Fed saw its July rate cut as insurance for growth and inflation, minutes show
|National Post 21 Aug 2019 at 14:13|
Federal Reserve officials viewed their interest-rate cut last month as insurance against too-low inflation and the risk of a deeper slump in business investment stemming from uncertainty over President Donald Trump’s trade war.
“Members who voted for the policy action sought to better position the overall stance of policy to help counter the effects on the outlook of weak global growth and trade policy uncertainty, insure against any further downside risks from those sources, and promote a faster return of inflation” to the 2 per cent target, according to minutes of the July 30-31 Federal Open Market Committee meeting, released Wednesday in Washington.

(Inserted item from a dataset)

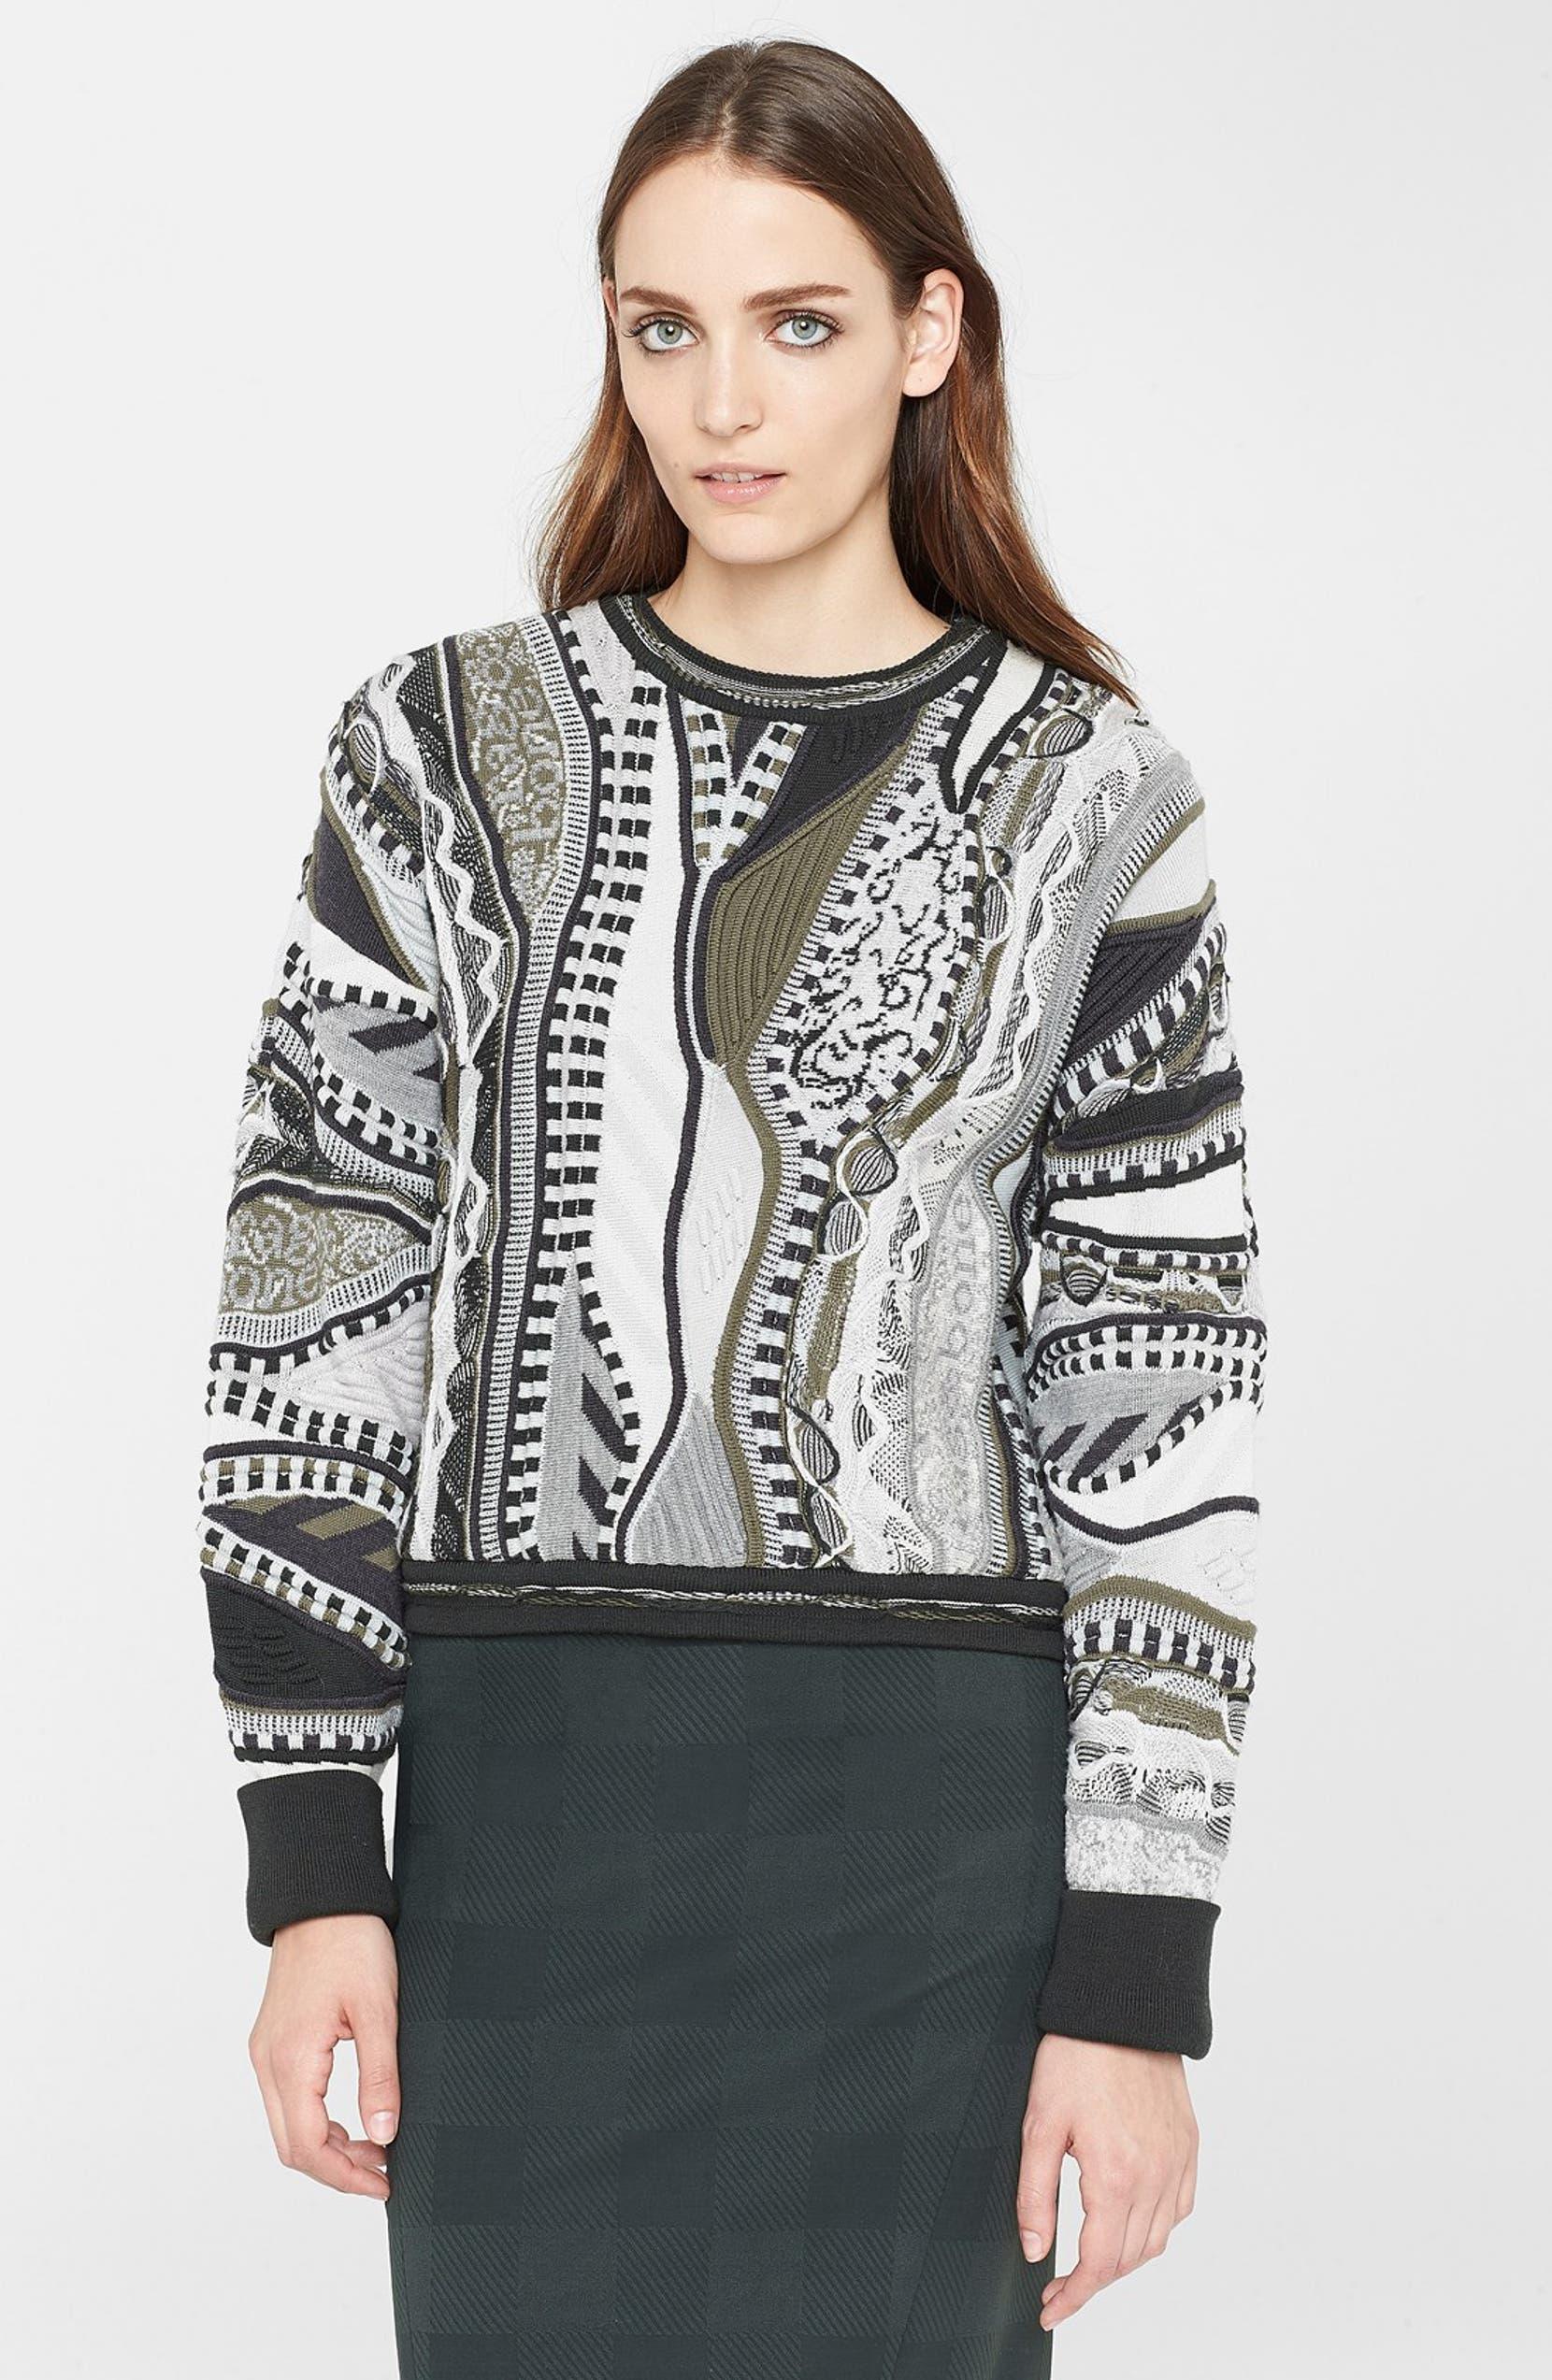 x Coogi Crop Sweater

The Fed cut rates for the first time since 2008, a move Chairman Jerome Powell called a “mid-cycle” adjustment. The minutes described the quarter-point cut as part of an “ongoing reassessment” of the policy path that began in late 2018.
“Members generally agreed that it was important to maintain optionality in setting the future target range for the federal funds rate,” the minutes said, indicating the committee didn’t view the cut as part of an extended cycle of reductions.

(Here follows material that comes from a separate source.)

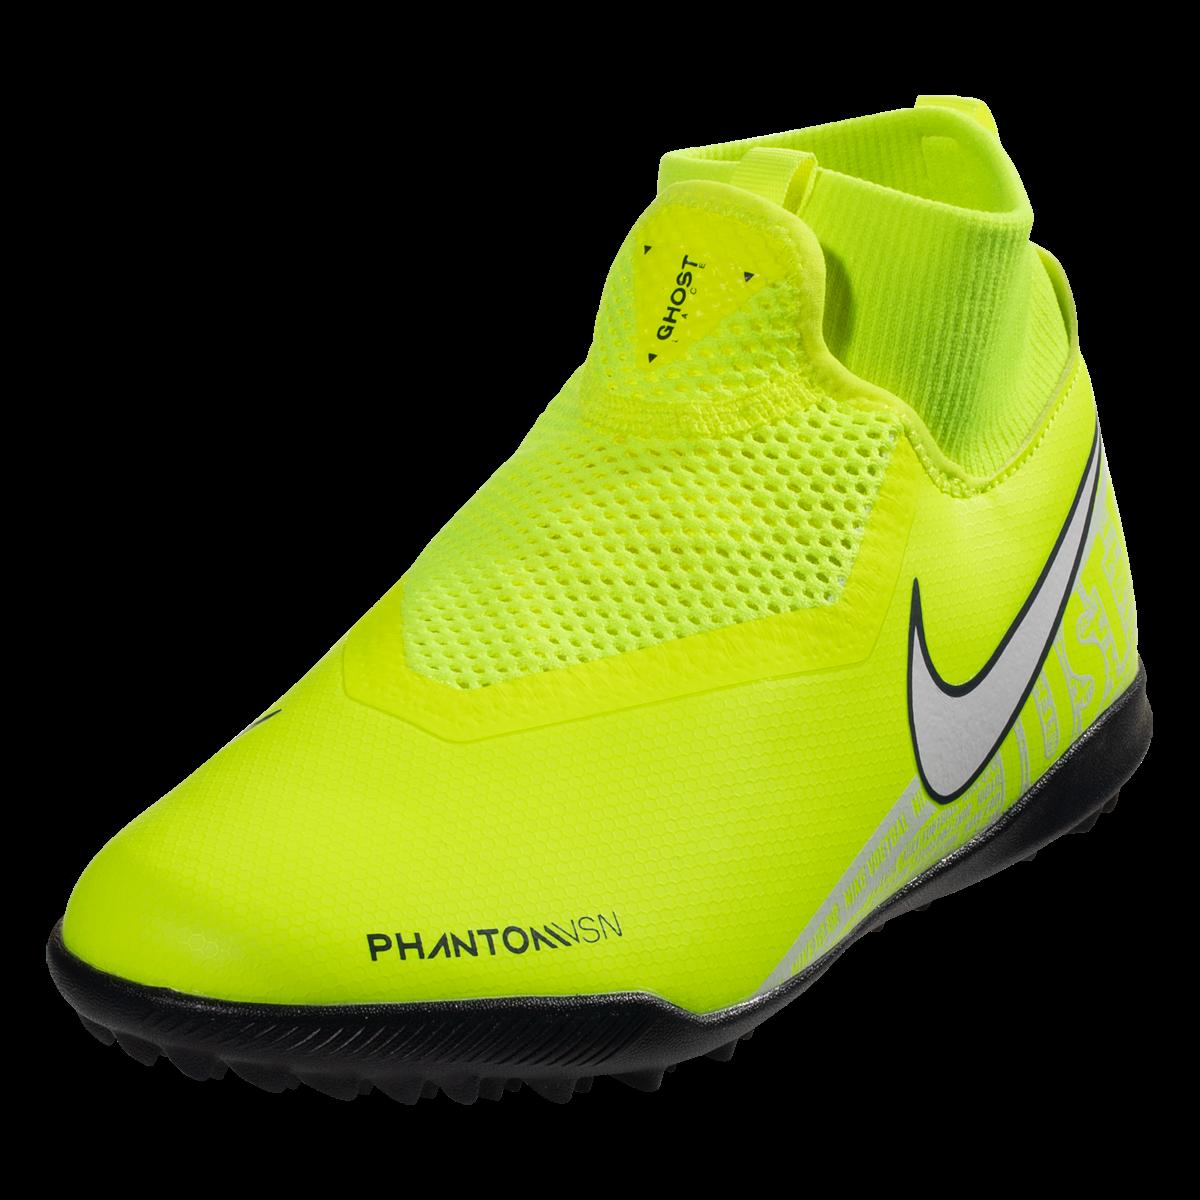 Nike Junior Phantom Vision Academy Df Tf Artificial Turf Soccer Shoe Volt White Obsidian 4 5 Soccer Shoe Soccer Shoes Soccer

The Fed went out of its way to highlight the reasons for the cut in three bullet points, citing signs of economic deceleration, risk management concerns and too low inflation. The minutes said participants noted that “trade uncertainty would remain a persistent headwind for the outlook.”
FOMC participants said they still viewed a sustained U.S. economic expansion, strong labor markets and inflation near the target “as the most likely outcomes.”
The minutes began with a lengthy discussion of the Fed’s policy strategy review, which indicated that officials aren’t ruling out any options, including an expansion of their policy toolkit.
Since the last meeting, the dollar has strengthened as the global economic outlook dimmed, raising the prospect for rate cuts abroad. Yields on U.S. 10-year Treasury notes have plunged toward record lows. Investors expect as many as three more quarter-point rate cuts this year to offset increasing downside risks, including a move next month.
The quarter-point in July cut was controversial within the committee, with Fed presidents Eric Rosengren of Boston and Esther George of Kansas City dissenting in favor of no change, the first double dissent Powell has faced since he took the Fed’s helm in February 2018. “A couple” participants wanted a half-point cut, the minutes said.
The chairman is trying to sustain a record U.S. economic expansion at a time when uncertainty over Trump’s trade policy is weighing on global growth.
While U.S. data are mixed, economists remain positive on growth, with estimates showing the expansion continuing into 2021, according to forecasts compiled by Bloomberg. Retail sales in July advanced by the most in four months, while the consumer price index also rose with core prices excluding food and energy climbing 2.2 per cent for the year.
At the same time, consumer sentiment plummeted to a seven-month low in August, raising the risk that the economy’s biggest engine may be poised to downshift.